Bringing GERD to the UN Security Council is an Egyptian-Sudanese achievement: official

Bringing the Grand Renaissance Dam to the UN Security Council’s table was a joint Egyptian-Sudanese achievement, said the Arab League’s permanent representative to the UN Maged Abdel Fattah, who alluded that “some power” was working hard to prevent any discussion of the GERD crisis by the council.

During a phone call with the “Nine PM” TV show presented by Wael al-Ibrashy, Abdel Fattah explained that Egypt is keen to not harm Ethiopia and therefore did not ask for any punitive decision against its intransigence in the GERD negotiations.

In the event that Ethiopia does not respond to Egypt’s appeals to the UN council, international legitimacy will prevail through applying the international laws and agreements signed by all parties.

Abdel Fattah assured that the Arab League does not seek any confrontation and only wants to protect the rights of the Egyptian and Sudanese peoples.

“All Arab countries have a unified stance with Egypt regarding this issue,” he added.

The presence of international observers and the UN are important in these negotiations, and are in favor of Egypt, he said.

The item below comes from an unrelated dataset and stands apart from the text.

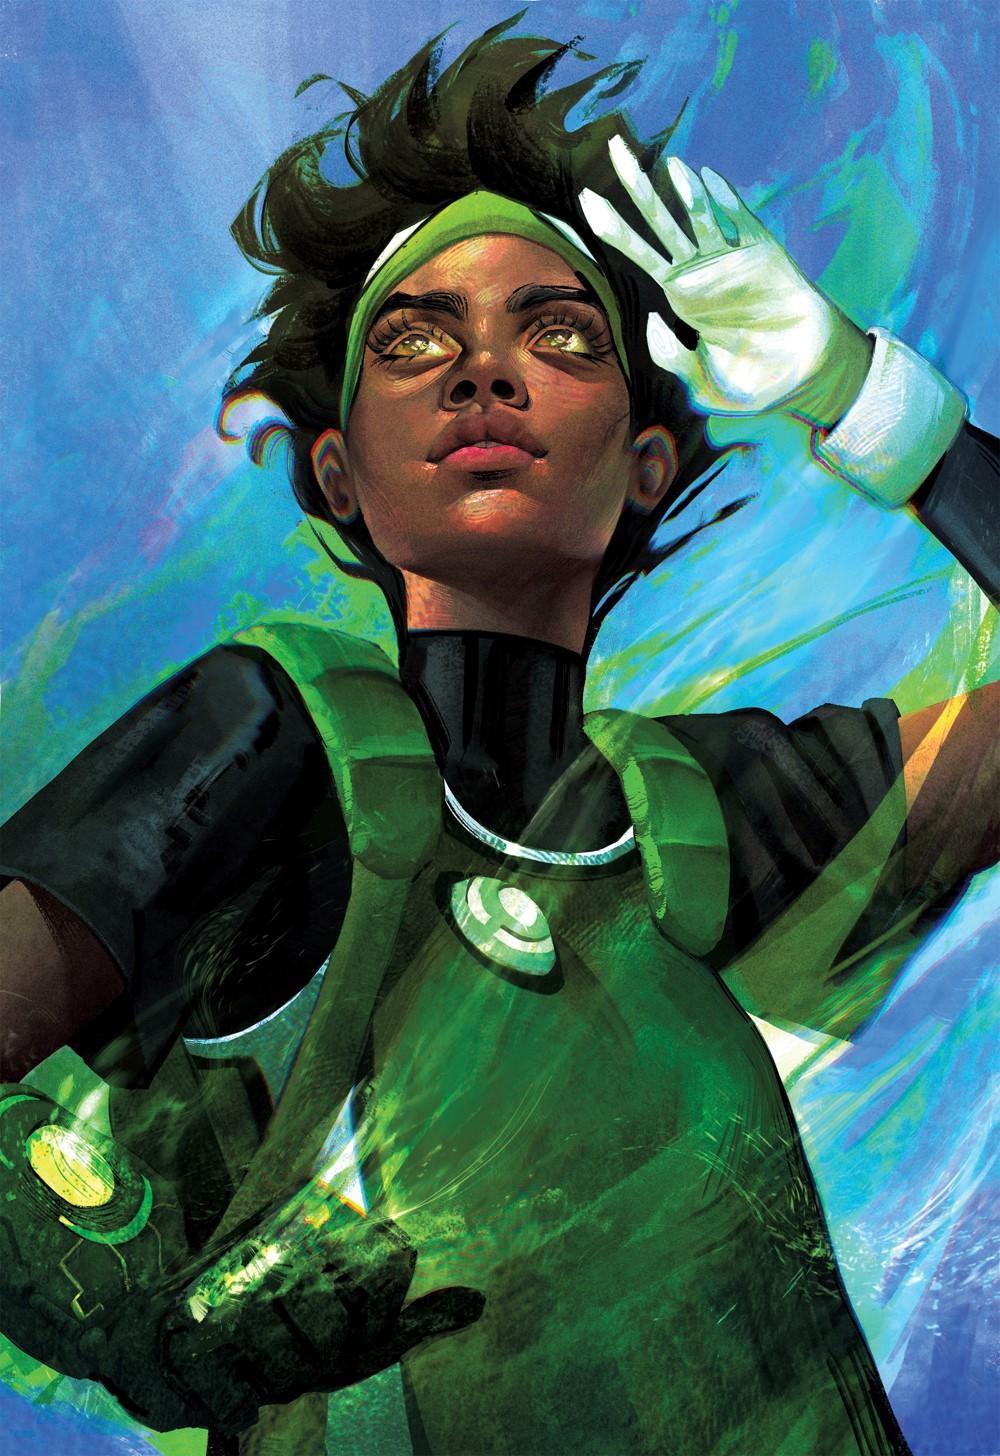 GreenLantern_Cv8 DC Comics November 2021 Solicitations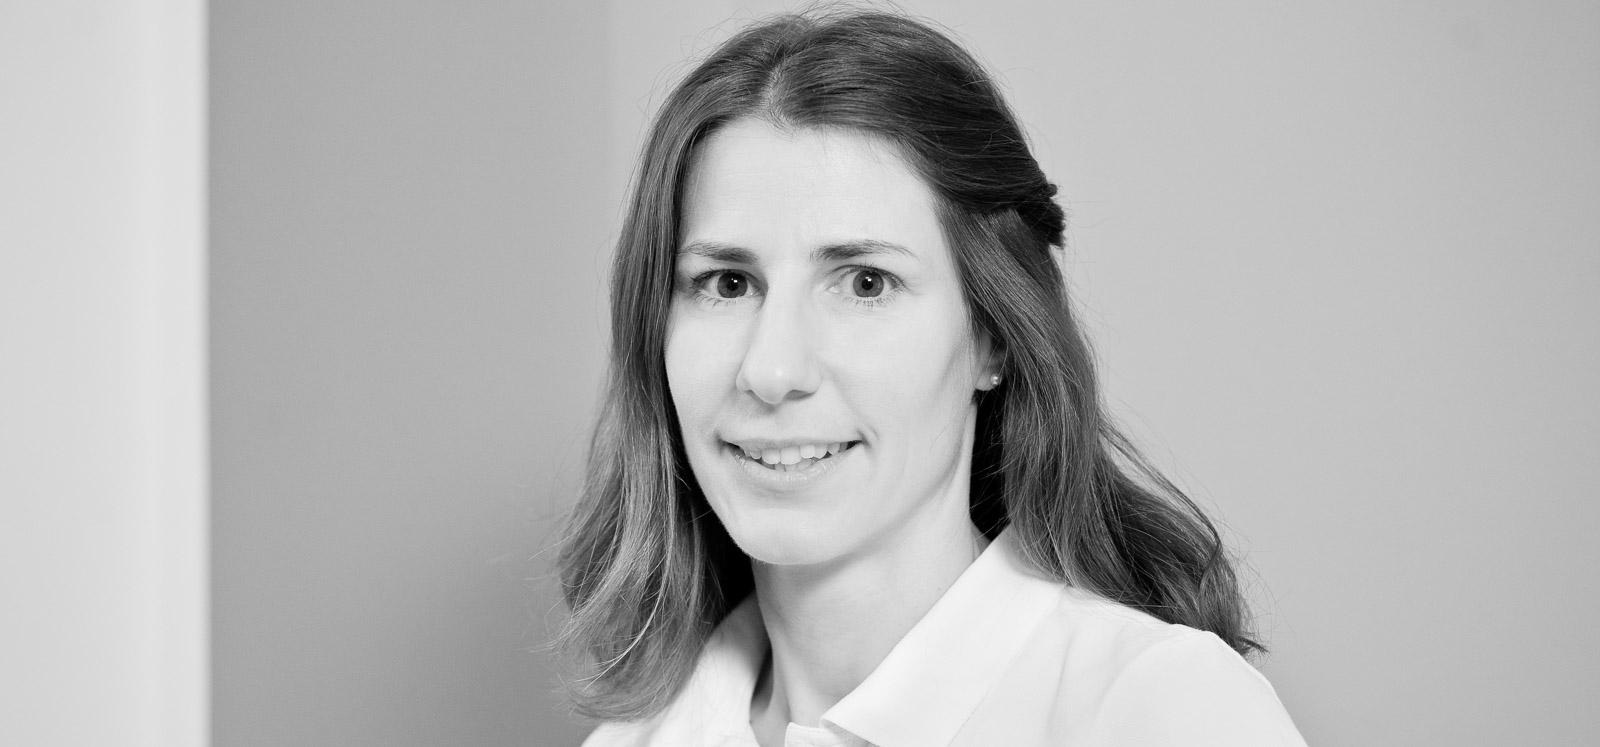 Katja_Henkenjohann_Osteopathie_bearbeitet-5

Egypt’s Foreign Minister Sameh Shoukry on June 21 stressed that his country does not want punitive measures from the UN Security Council against Ethiopia, and only wants to prevent any negative repercussions from the stalled Grand Ethiopian Renaissance Dam (GERD) negotiations.

During a phone call with the “Kol Youm” (Everyday) show, Shoukry explained that Egypt resorted to involving the UN Security Council in order to maintain international peace and security.

“It’s now the responsibility of the Security Council to resolve the Renaissance Dam crisis, as its decisions are mandatory and represent the will of the international community,” Shoukry said.

He added that the GERD issue impacts the lives of more than 150 million Egyptians and Sudanese people.

After Egypt responded and provided many opportunities to Ethiopia in the recent negotiations, Shoukry said he then went out of a framework of responsibility to the UN Security Council to work to resolve the dispute by peaceful means and avoid any kind of escalation.

Egypt earlier in June called on the UN Security Council to intervene in the GERD dispute in order to help Egypt, Ethiopia and Sudan continue their negotiations, in accordance with international law, to reach a fair and balanced solution.